Floot — agentic threat model
Floot presents a high agentic risk due to its ability to generate, host, and configure entire application stacks (including databases and auth) from natural language. Without verified sandboxing and automated code safety evaluations, malicious prompt injections could lead to the deployment of vulnerable or compromised production applications.
OWASP AIVSS score rationale
| Autonomy of Action | 0.70 | |
| Goal-Driven Planning | 0.80 | |
| Self-Modification | 0.20 | |
| Dynamic Tool Use | 0.80 | |
| Persistent Memory | 0.60 | |
| Contextual Awareness | 0.60 | |
| Dynamic Identity | 0.30 | |
| Multi-Agent Interactions | 0.10 | |
| Non-Determinism | 0.70 | |
| Opacity & Reflexivity | 0.50 |
Scored with the canonical OWASP AIVSS formula (AIVSS calculator reference); agentic risk factors estimated from the agent’s described capabilities.

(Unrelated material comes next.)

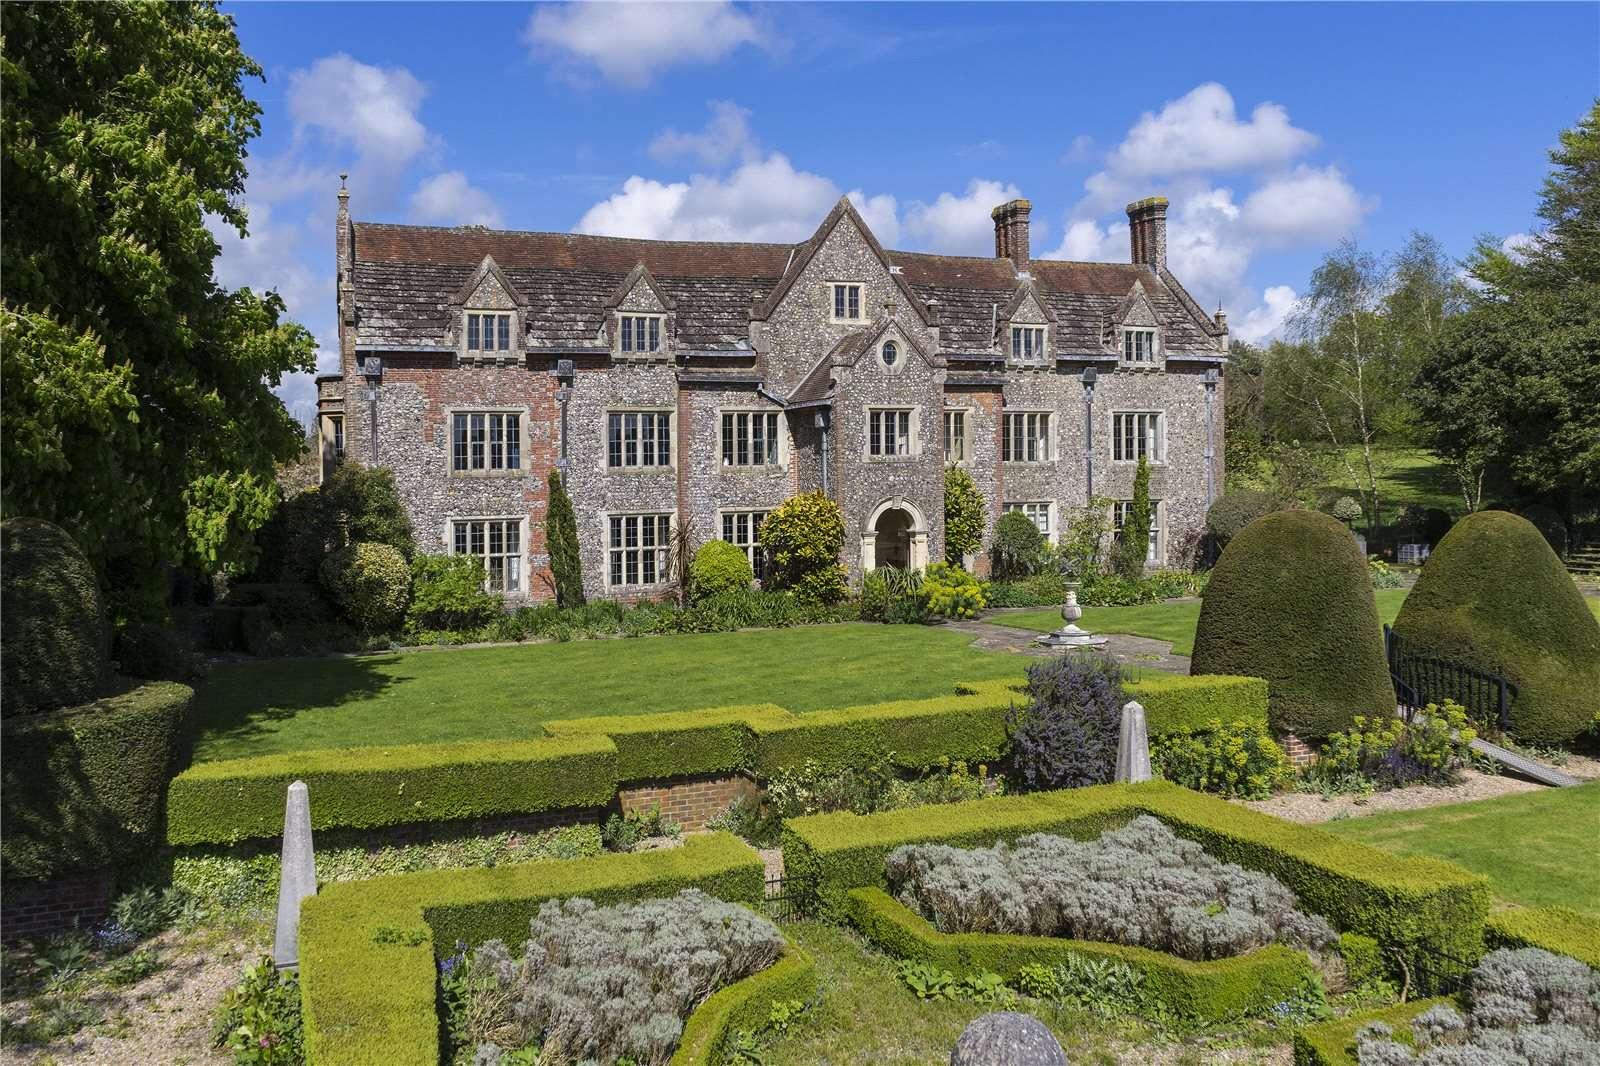 Savills | Ecclesden Lane, Angmering, Littlehampton, West Sussex, BN16 4DQ |  Properties for sale

MAESTRO 7-layer threat model
Per-layer threats for this agent. Layers tagged “not certain from listing” are general, caveated commentary where the public description didn’t pin that layer.
Not certain from the listing — Floot likely relies on external commercial LLMs (like OpenAI or Anthropic) or open-source models to generate code, exposing it to prompt injection, model reprogramming, or malicious code generation if the underlying model is manipulated.

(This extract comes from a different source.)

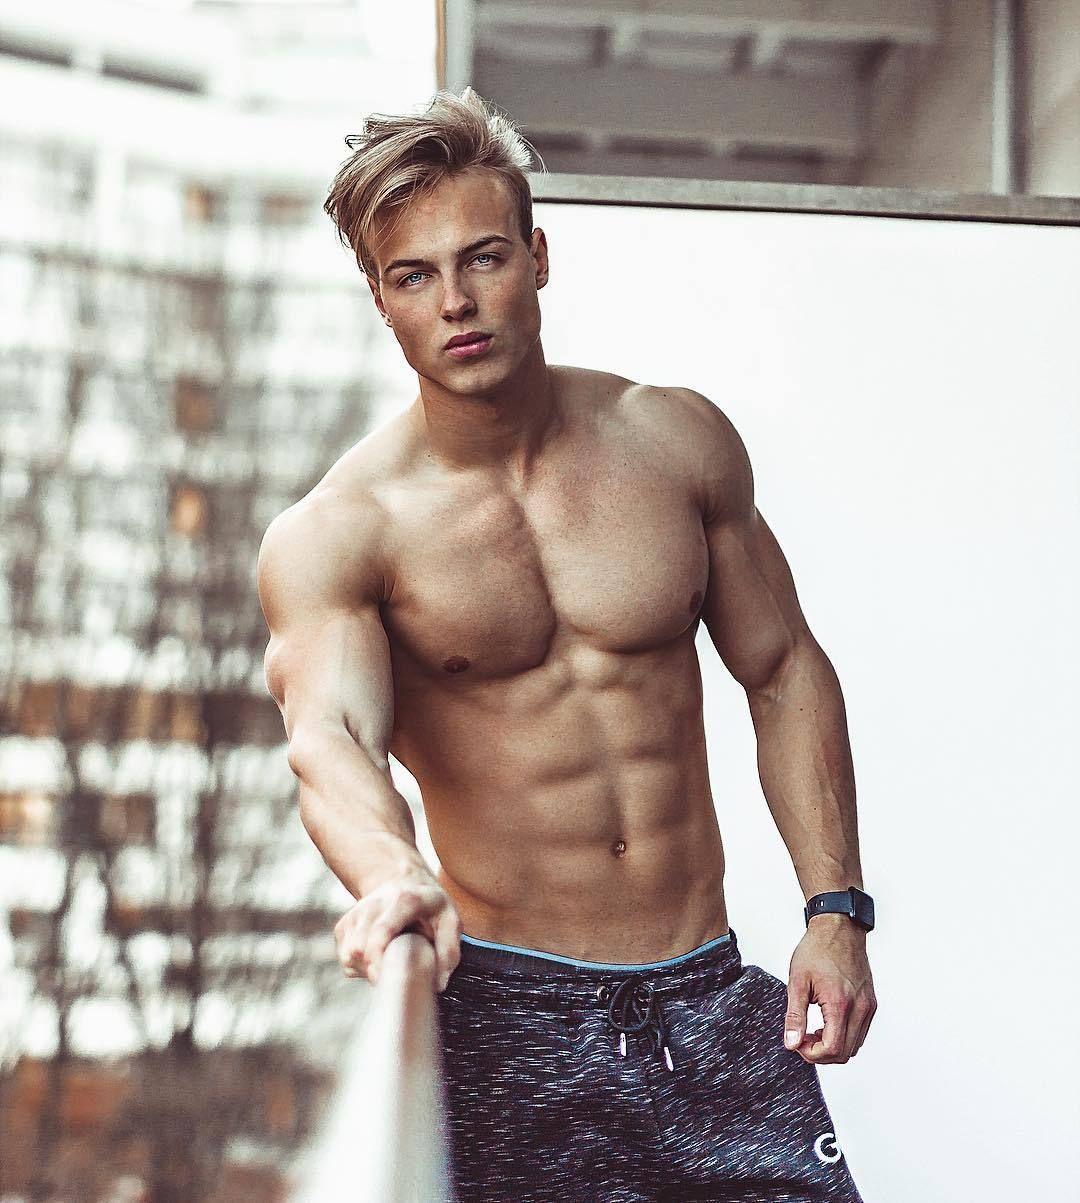 Professional Male Models Hagen Richter Who Is Ready For Summer Body Vorstellen Instagram

Not certain from the listing — Floot must manage user prompts, generated codebases, and potentially database schemas. Lack of details on data isolation or vector stores leaves it vulnerable to data leakage or poisoning of code templates.
Floot acts as an orchestration framework translating high-level user intent into multi-step code generation, database schema creation, and deployment. Insecure tool integration or prompt injection could lead to the generation of vulnerable code or unauthorized system modifications.
Since Floot hosts the generated apps (backend, database, auth), the infrastructure layer is highly critical. If the hosting environment lacks strict containerization or sandboxing, a generated malicious app could lead to container escape, lateral movement, or host compromise.
Not certain from the listing — There is no mention of built-in guardrails, code scanning (SAST), or runtime monitoring for the generated applications, creating a blind spot for deployed vulnerabilities.
Floot handles authentication and hosting for production-grade apps. Without explicit compliance certifications (like SOC2) or robust built-in identity/access management policies, users risk deploying non-compliant or insecure applications.
Not certain from the listing — Floot does not explicitly mention multi-agent coordination or marketplace integrations, but if it interacts with external APIs or package registries, it faces supply chain and cascading failure risks.
MAESTRO — the 7-layer agentic threat-modeling framework (Cloud Security Alliance / Ken Huang).